Reproduce all of the data below without alteration; exclude every picture.

__Data section__:
═══

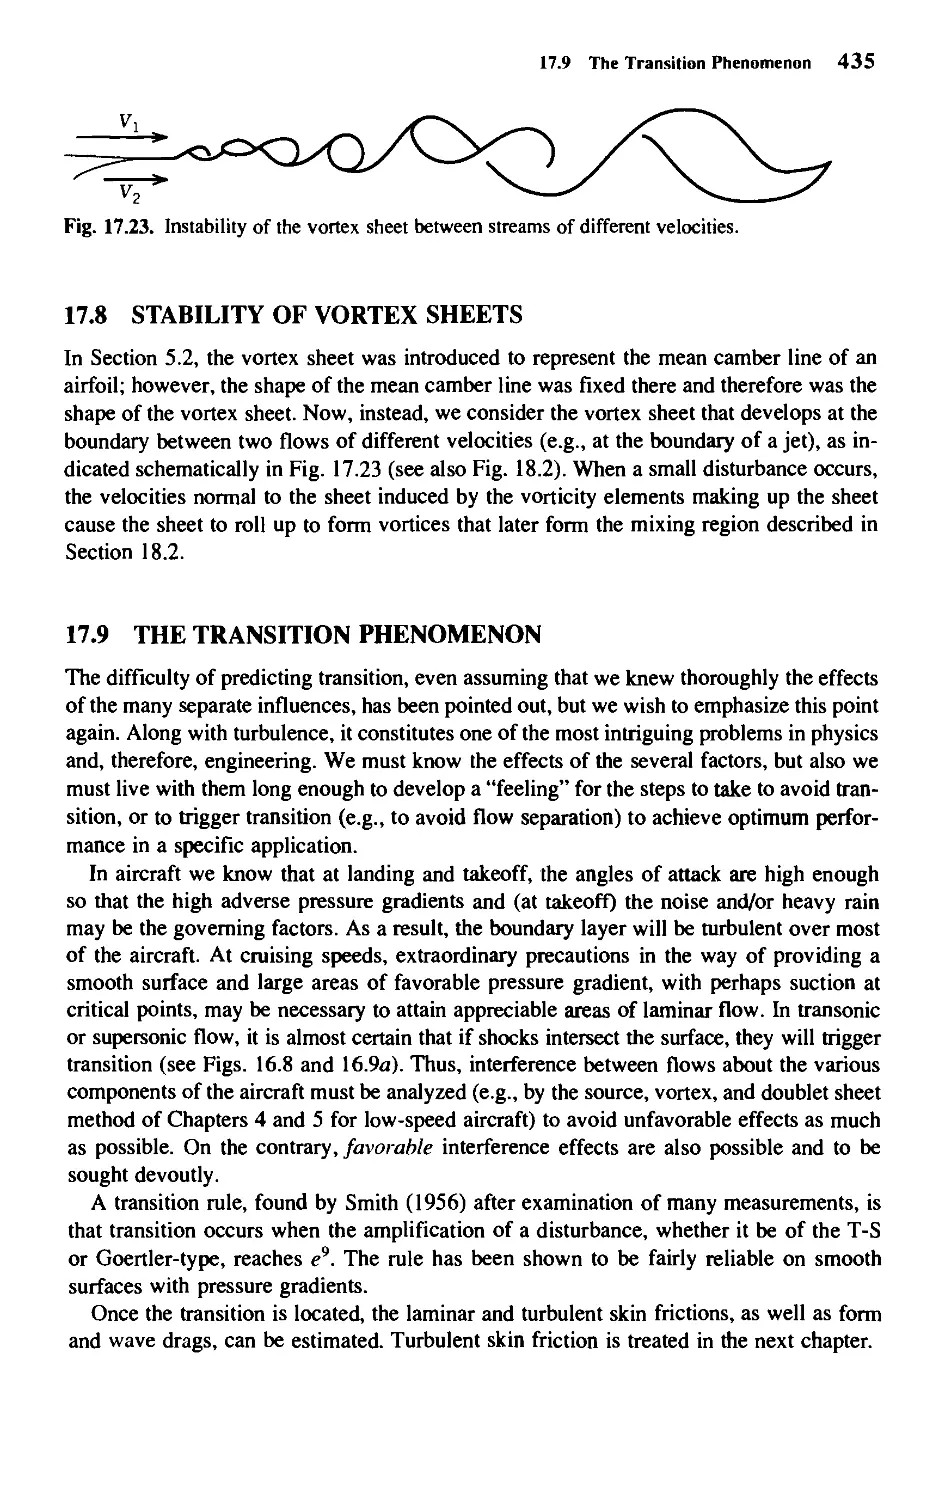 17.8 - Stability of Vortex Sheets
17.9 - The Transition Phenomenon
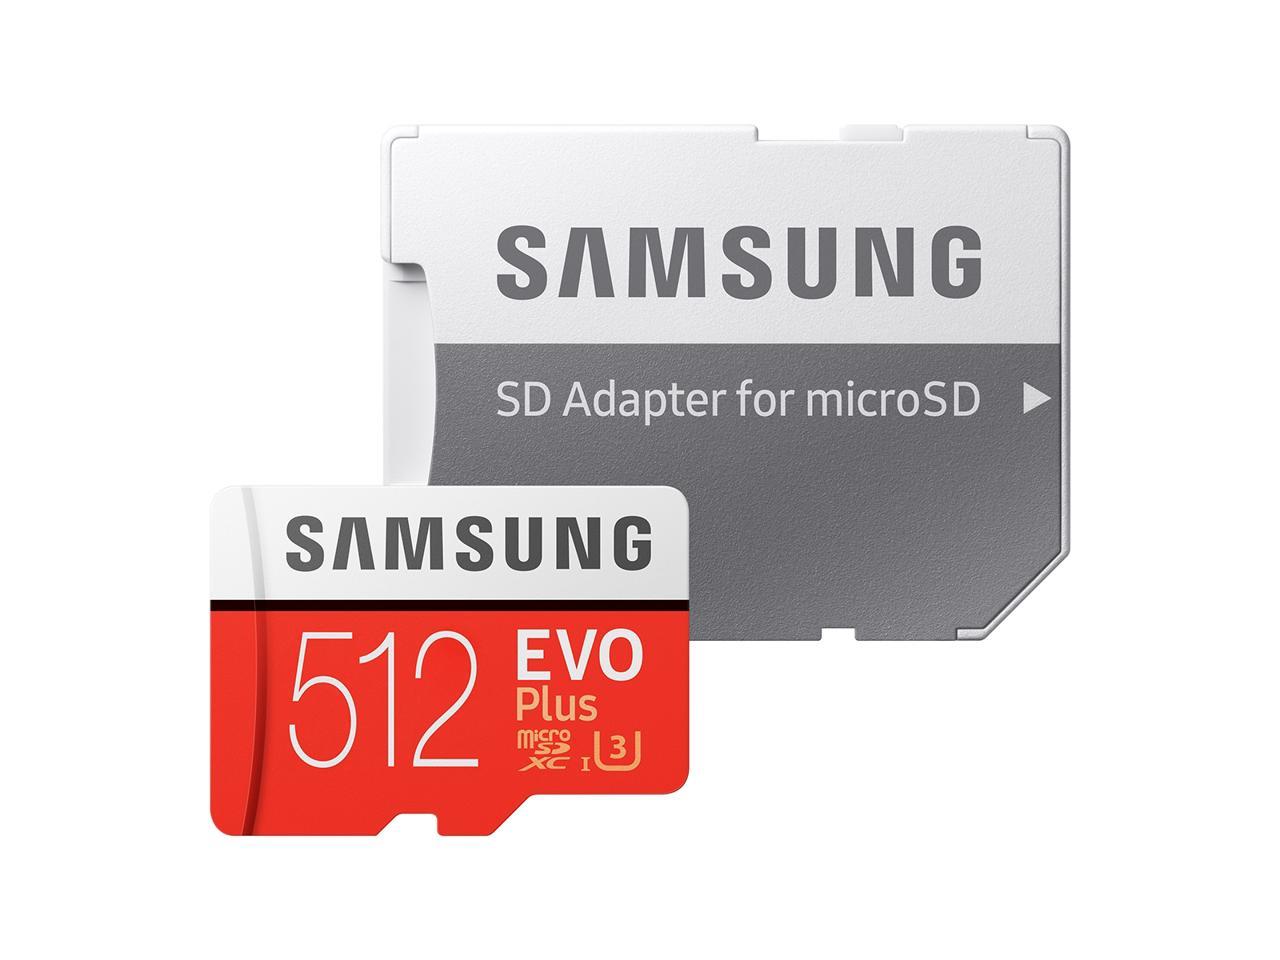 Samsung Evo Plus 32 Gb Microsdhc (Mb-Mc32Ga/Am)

═══

__Expected answer__:
 17.8 - Stability of Vortex Sheets
17.9 - The Transition Phenomenon
 Samsung Evo Plus 32 Gb Microsdhc (Mb-Mc32Ga/Am)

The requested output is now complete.